Aim of the exercise: Please set down each of the lines below once more, exactly, omitting all pictures.

(Given information)

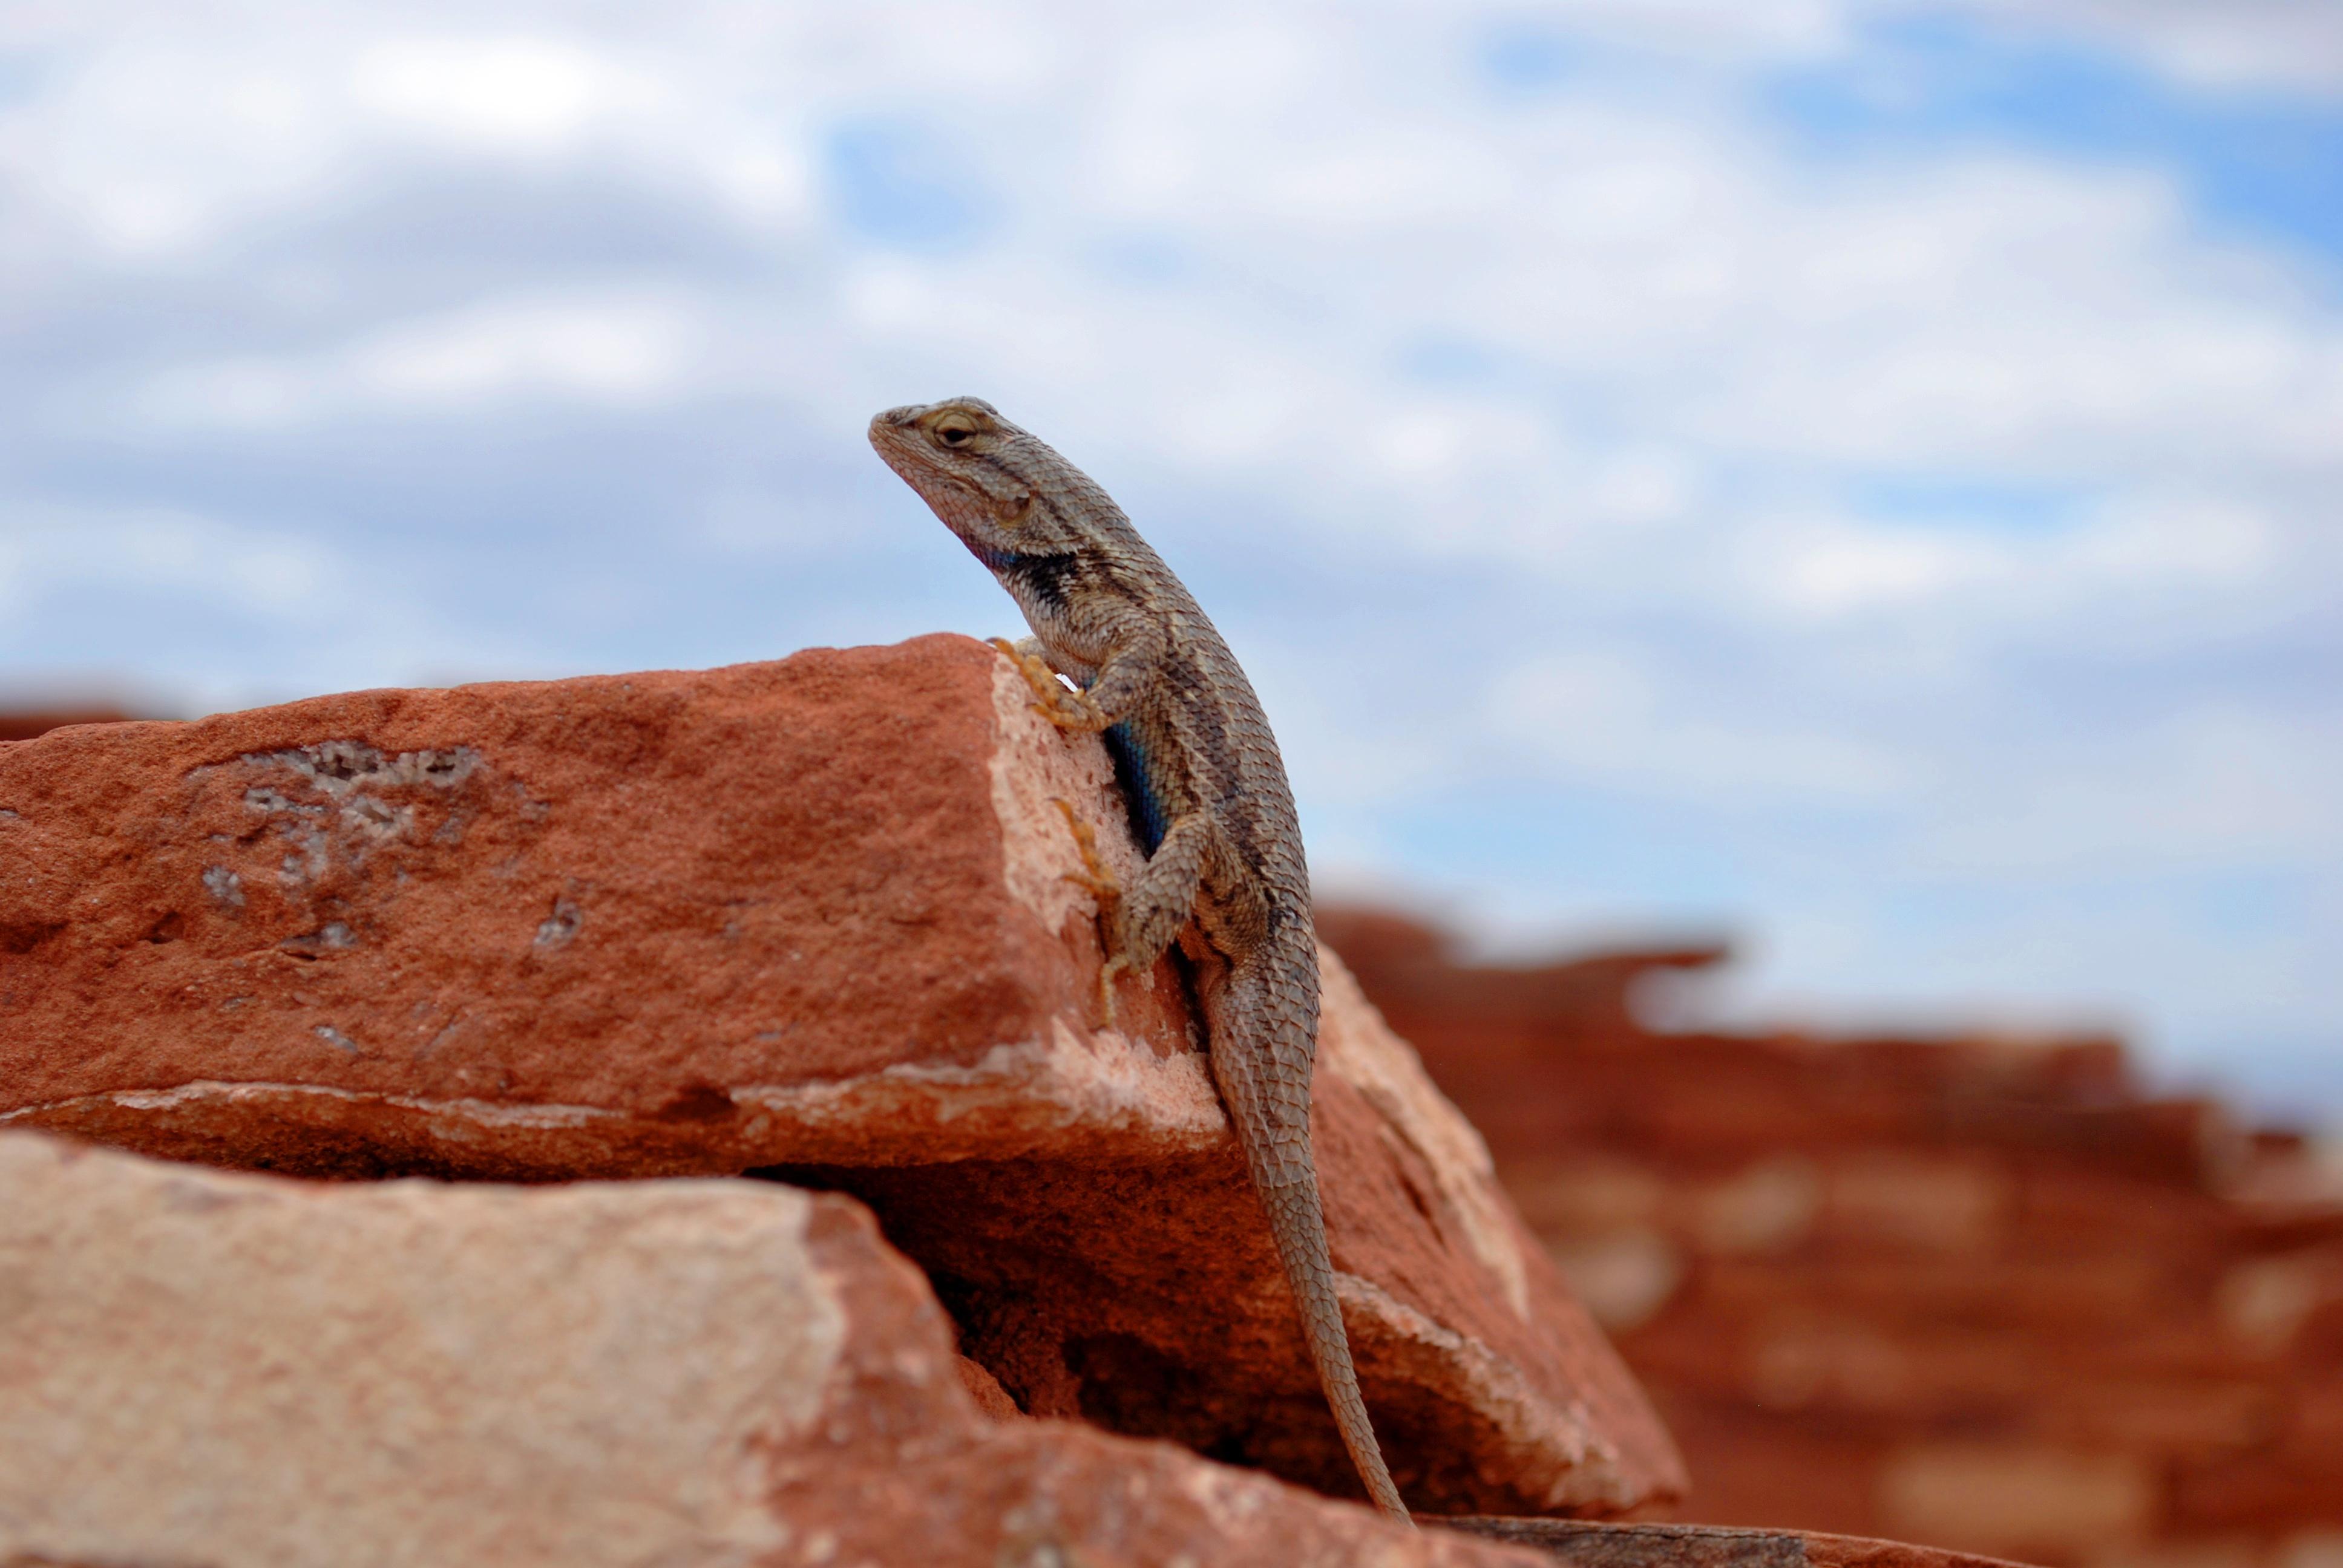 Lizard, Rocky, Stone, Tongue, Rock, HQ Photo
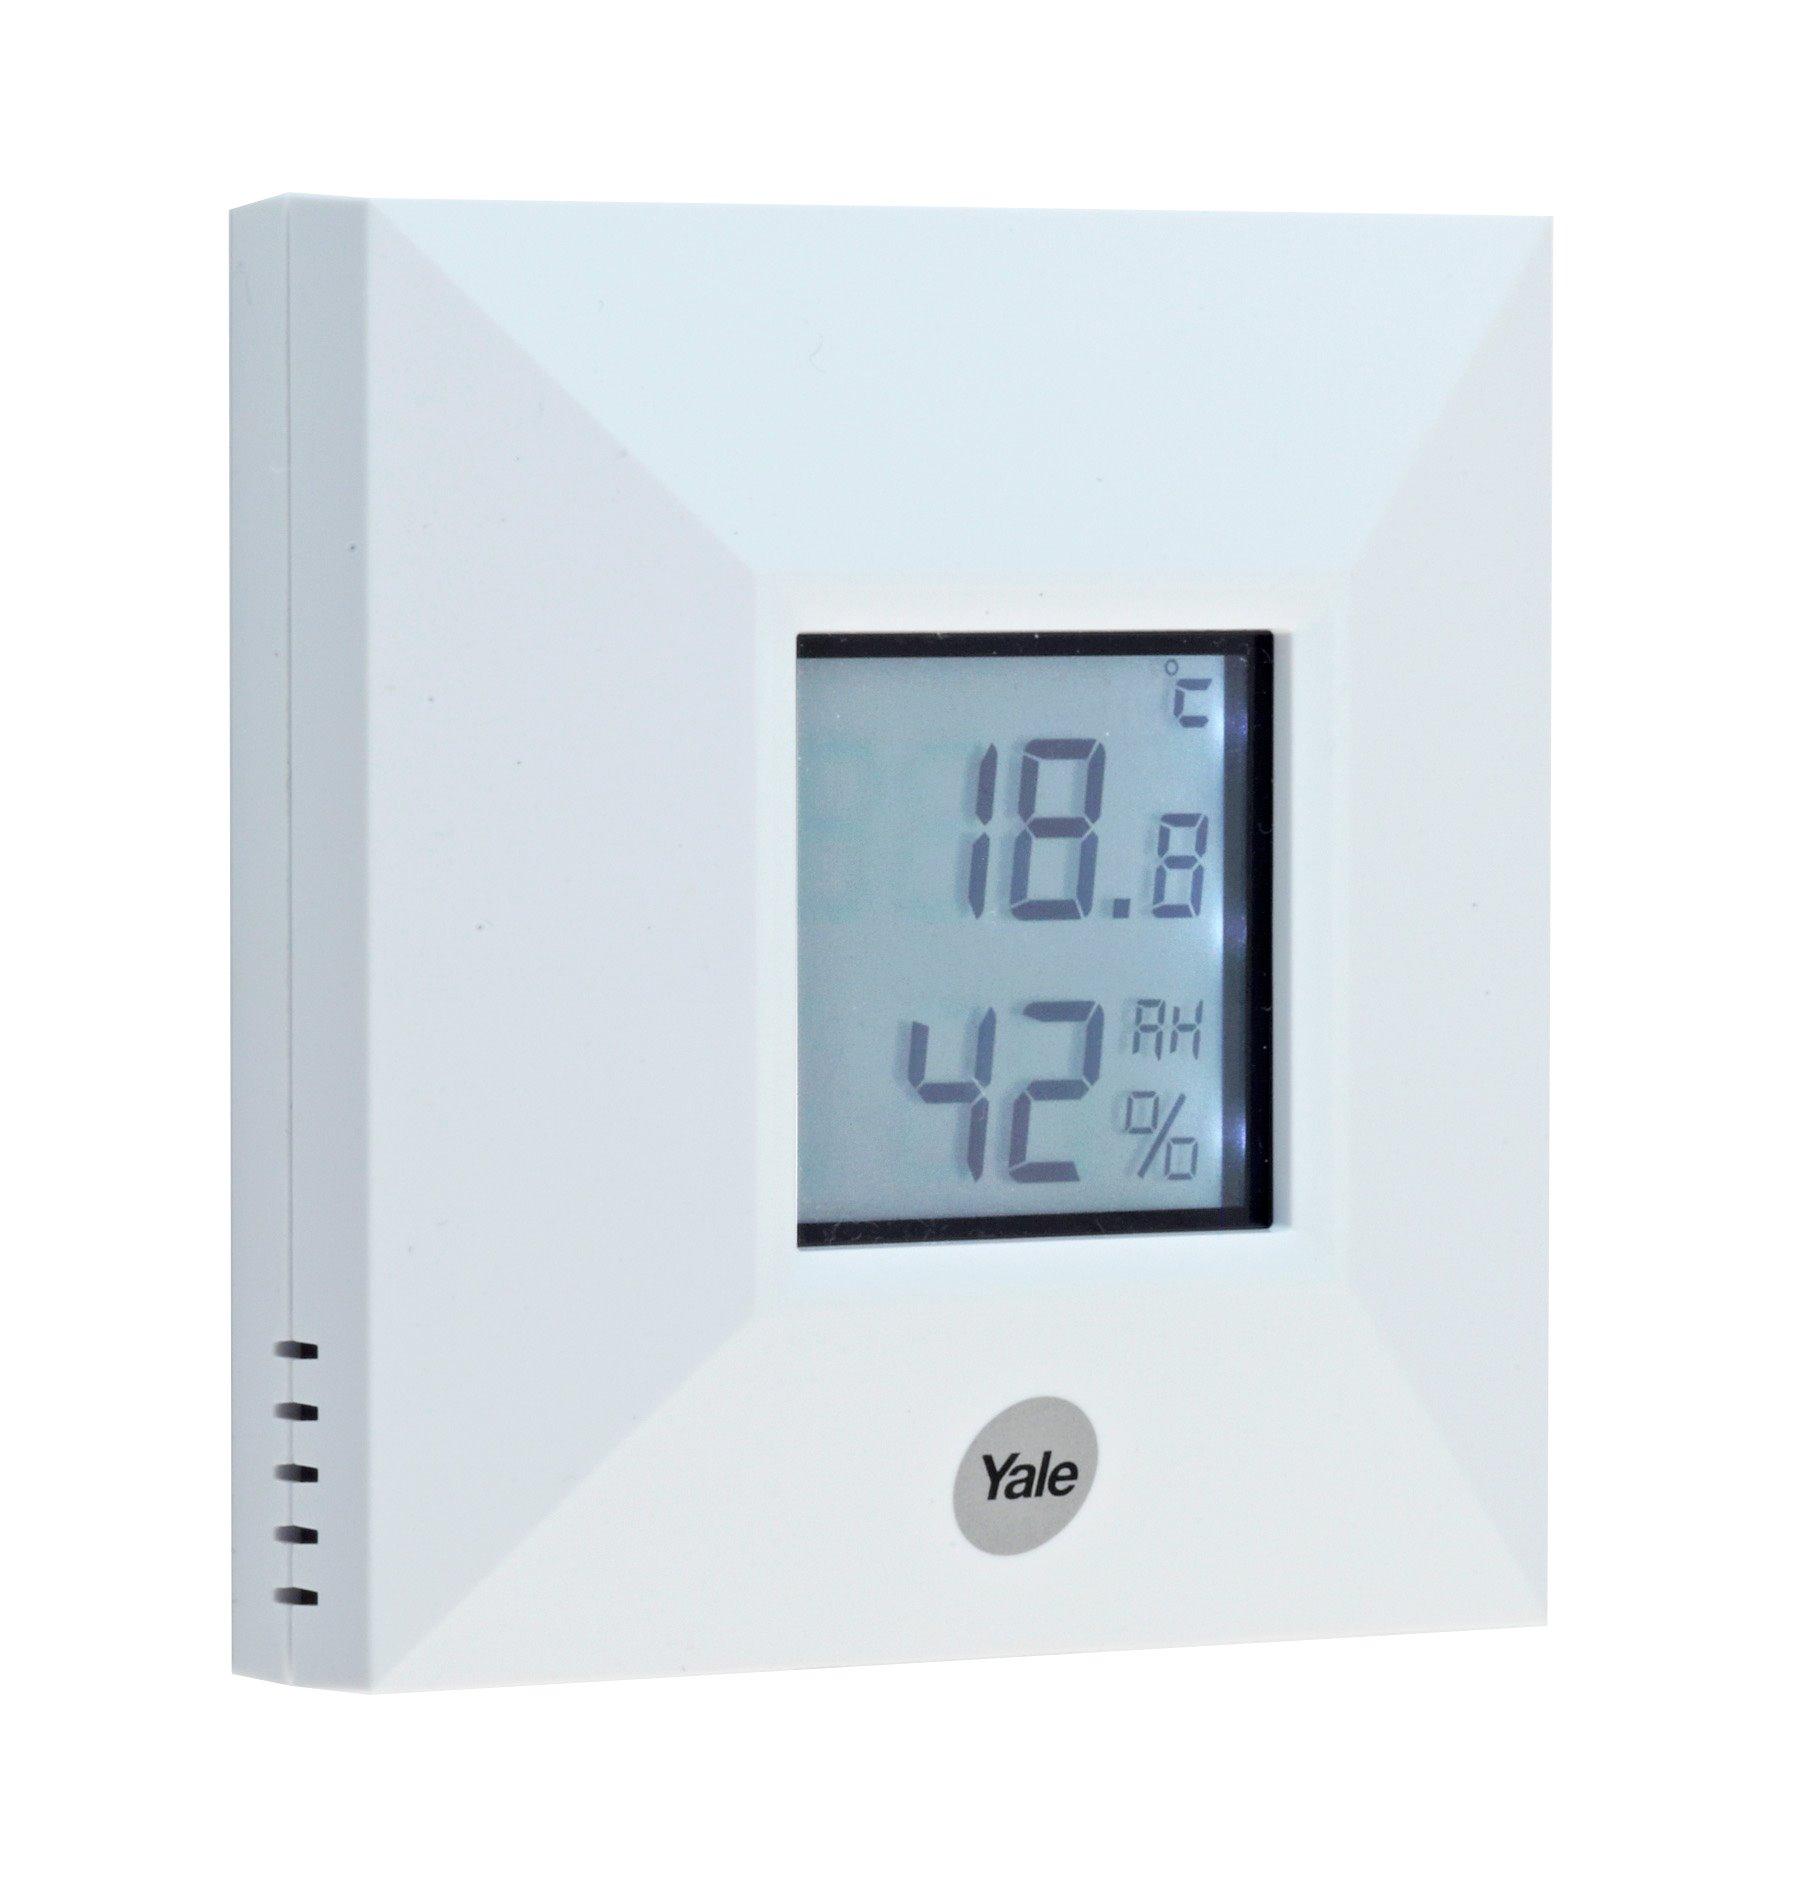 Yale Smart Living klimaatsensor SR-RS
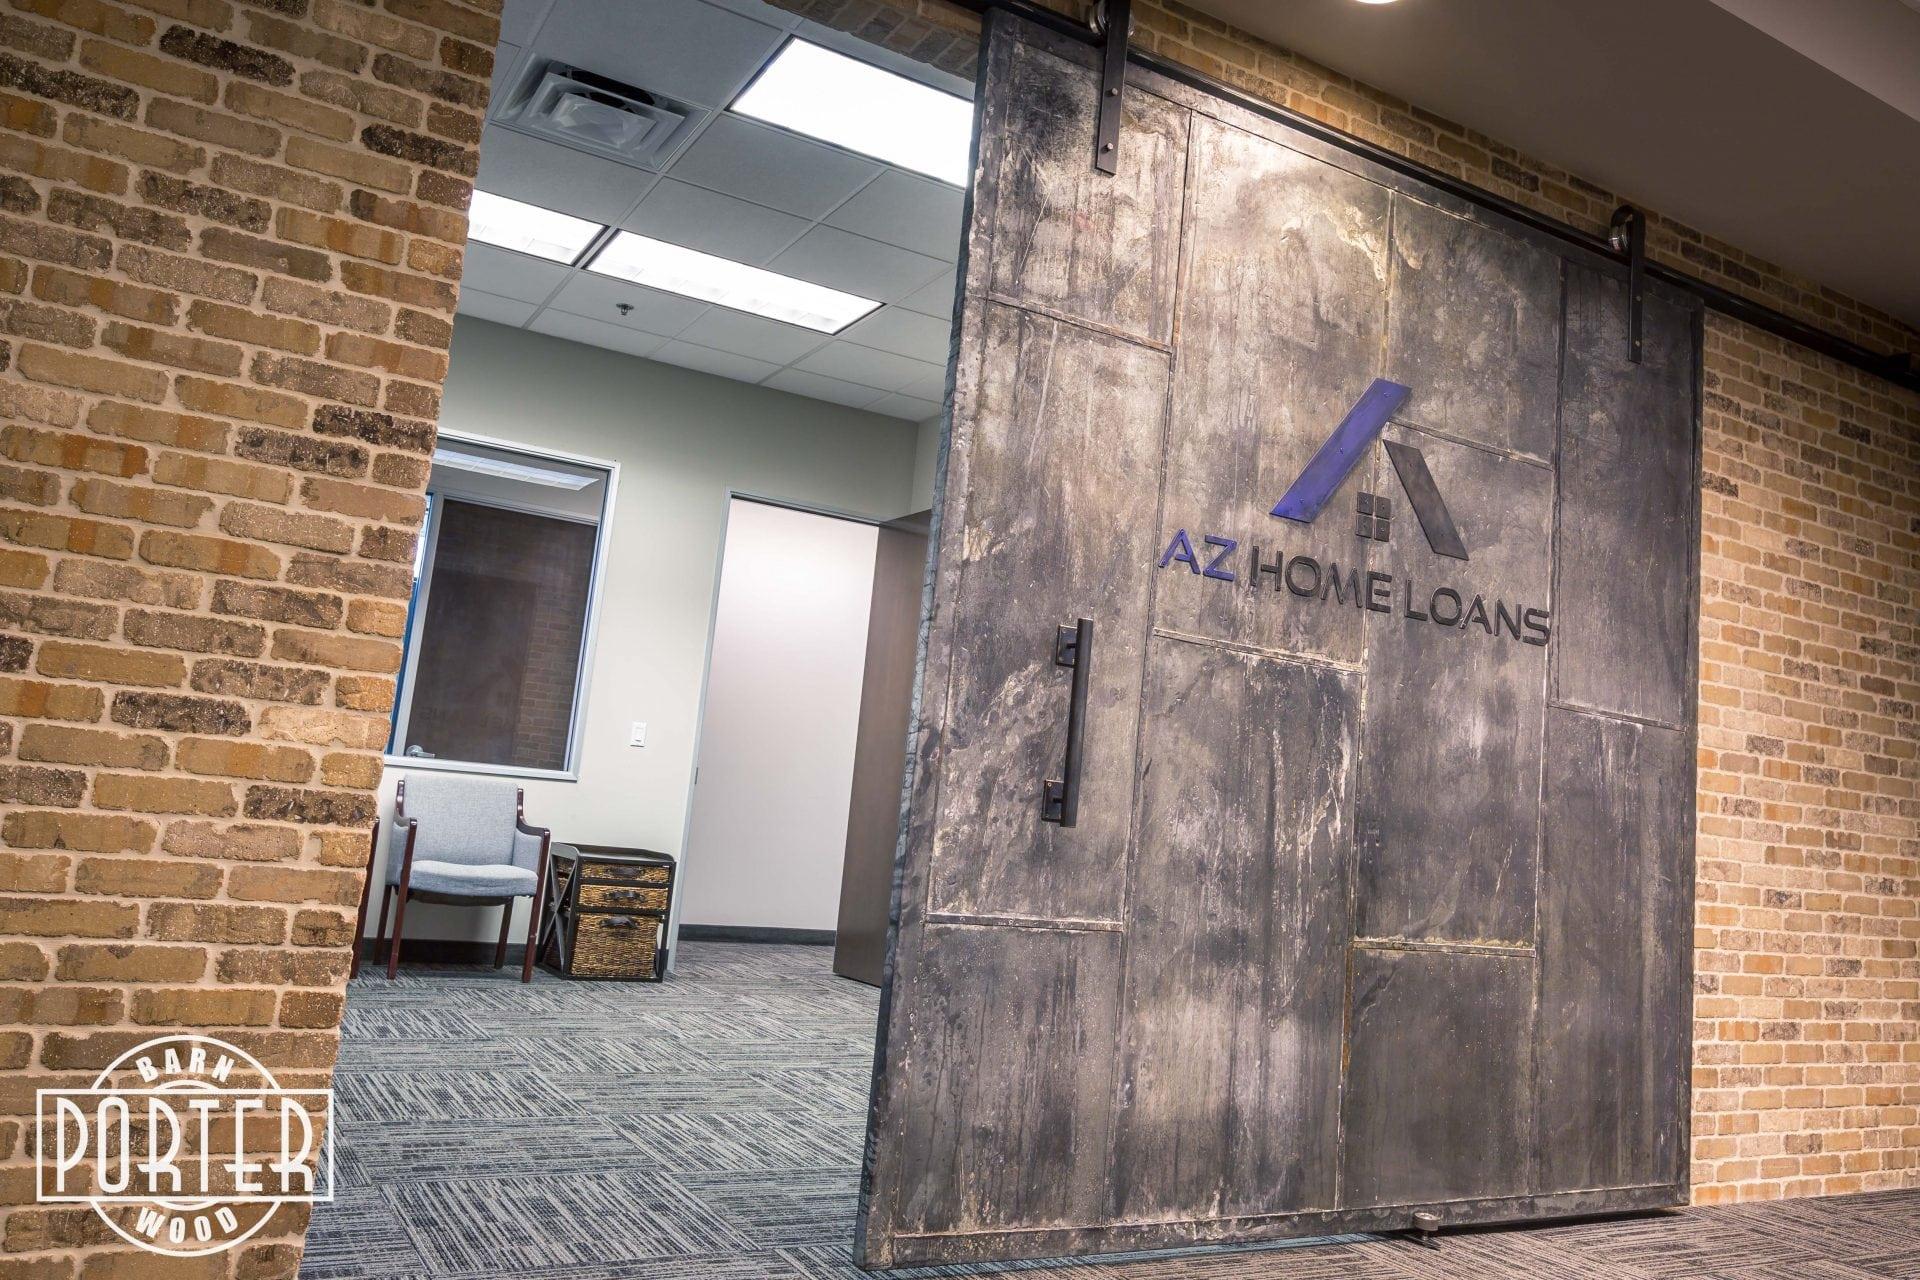 AzHomeLoans-1 & Az Home Loans Fire Door | Porter Barn Wood

(End Given information)

Answer box:
 Lizard, Rocky, Stone, Tongue, Rock, HQ Photo
 Yale Smart Living klimaatsensor SR-RS
 AzHomeLoans-1 & Az Home Loans Fire Door | Porter Barn Wood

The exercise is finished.